I know in my heart that it was the right thing to do for him.......but for me I am suffering so much hurt at losing him....I am just in shock, my head is pounding and I feel sick.

How am I ever going to get over this and him not being by my side.

I am having him cremated and will bring him home again.....this is so so hard.


----------



## lorilu (Sep 6, 2009)

Oh no I'm so sorry for your loss of your beloved Harvey. You are in shock of course, but know you did right by him all the way to the very end. Be gentle with yourself. I'm so sorry. xx


----------



## Kittynanna (Feb 15, 2015)

Thank you, I do know in my heart it was the right thing, but there is just that little niggle of doubt.....I think because it’s such a huge decision to have to make.

I just can’t stop crying and thinking I’m never going to see his little face again....I’m just devastated.

Thank you again for your kind words x


----------



## Guest (Jun 14, 2020)

I'm so, so sorry for your loss. Take care of yourself.


----------



## DanWalkersmum (Mar 21, 2019)

So sorry for your loss, you gave him a good life and had the courage to make the right decision for him in the end when you needed to. Please take care of yourself x


----------



## Lurcherlad (Jan 5, 2013)

Very sad - so sorry for your loss


----------



## ttaylor45 (Jan 3, 2011)

Kittynanna said:


> Thank you, I do know in my heart it was the right thing, but there is just that little niggle of doubt.....I think because it's such a huge decision to have to make.
> 
> I just can't stop crying and thinking I'm never going to see his little face again....I'm just devastated.
> 
> Thank you again for your kind words x


I am so sorry for your loss I know it is so very hard but he was a very lucky dog to have such a caring owner. I lost Rusty and Pepe in the photo in 2018 within 6 months of each other Rusty was 13 and a half but Pepe was only 12 and 4 months and although I have another toy poodle puppy now who is 18 weeks old today called Teddy I still miss them so much. Don't get me wrong I love little Teddy a lot but I still wish they were here as well. Teddy is distantly related to them both as I went to the same breeder so that gives me a bit of comfort. Take care and in time I am sure you will remember the good times as I do.


----------



## Kittynanna (Feb 15, 2015)

ttaylor45 said:


> I am so sorry for your loss I know it is so very hard but he was a very lucky dog to have such a caring owner. I lost Rusty and Pepe in the photo in 2018 within 6 months of each other Rusty was 13 and a half but Pepe was only 12 and 4 months and although I have another toy poodle puppy now who is 18 weeks old today called Teddy I still miss them so much. Don't get me wrong I love little Teddy a lot but I still wish they were here as well. Teddy is distantly related to them both as I went to the same breeder so that gives me a bit of comfort. Take care and in time I am sure you will remember the good times as I do.

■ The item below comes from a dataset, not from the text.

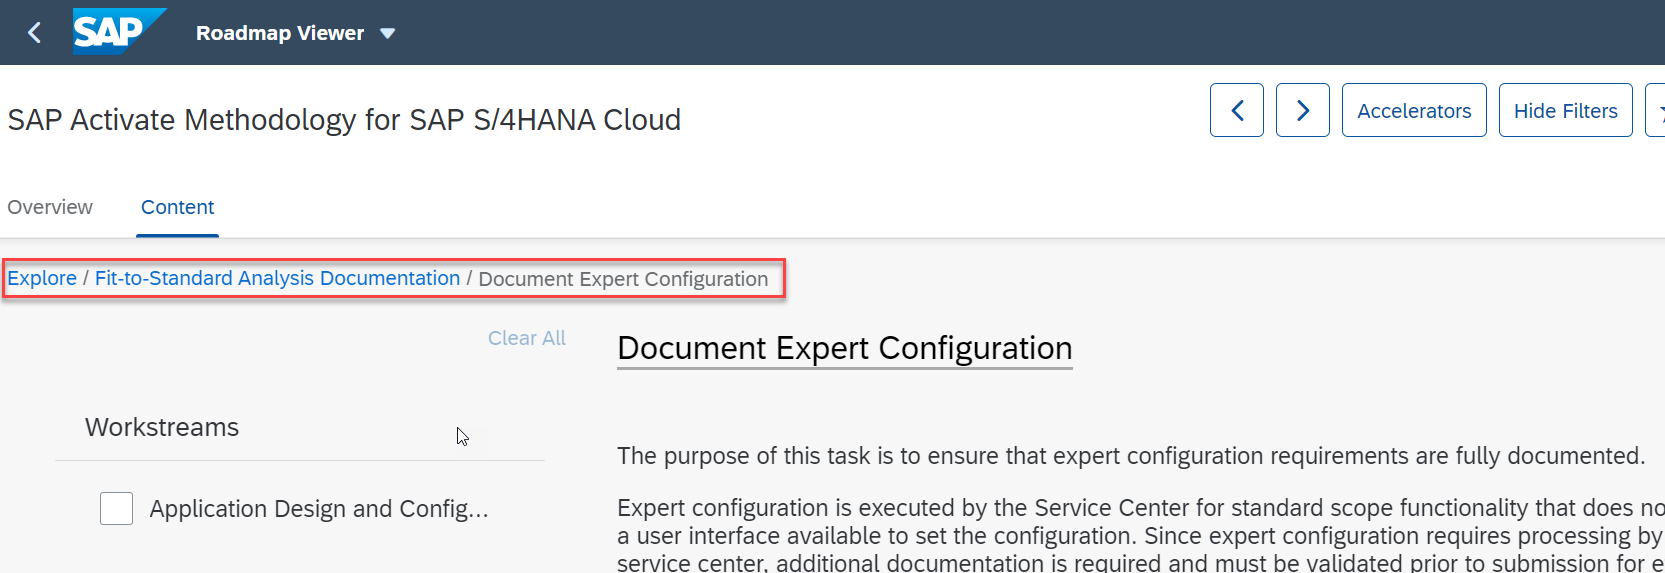 Document Expert Configuration

I am sorry too for your loss, I have read your posts and knew about your two, and your new addition, I am glad you've got him and from same breeder.

I have been up most of the night, just can't stop replaying it in my head......I have cried more for him than even some close family!! He was my baby and I was his world, all he wanted was me......

Thank you everyone for your kind words it means a lot.


----------



## ttaylor45 (Jan 3, 2011)

Kittynanna said:


> I am sorry too for your loss, I have read your posts and knew about your two, and your new addition, I am glad you've got him and from same breeder.
> 
> I have been up most of the night, just can't stop replaying it in my head......I have cried more for him than even some close family!! He was my baby and I was his world, all he wanted was me......
> 
> Thank you everyone for your kind words it means a lot.


I have cried more for Rusty and Pepe like you more than some people I have lost. Rusty particularly was very attached to me so much so that when we went for a walk he would only walk if I held his lead whereas Pepe didn't mind although after we lost Rusty he started to cry if I just went to the local shops even though my husband was still there. I don't think it helped as he was nearly blind by then through cataracts and glaucoma.


----------



## lorilu (Sep 6, 2009)

Kittynanna said:


> He was my baby and I was his world, all he wanted was me......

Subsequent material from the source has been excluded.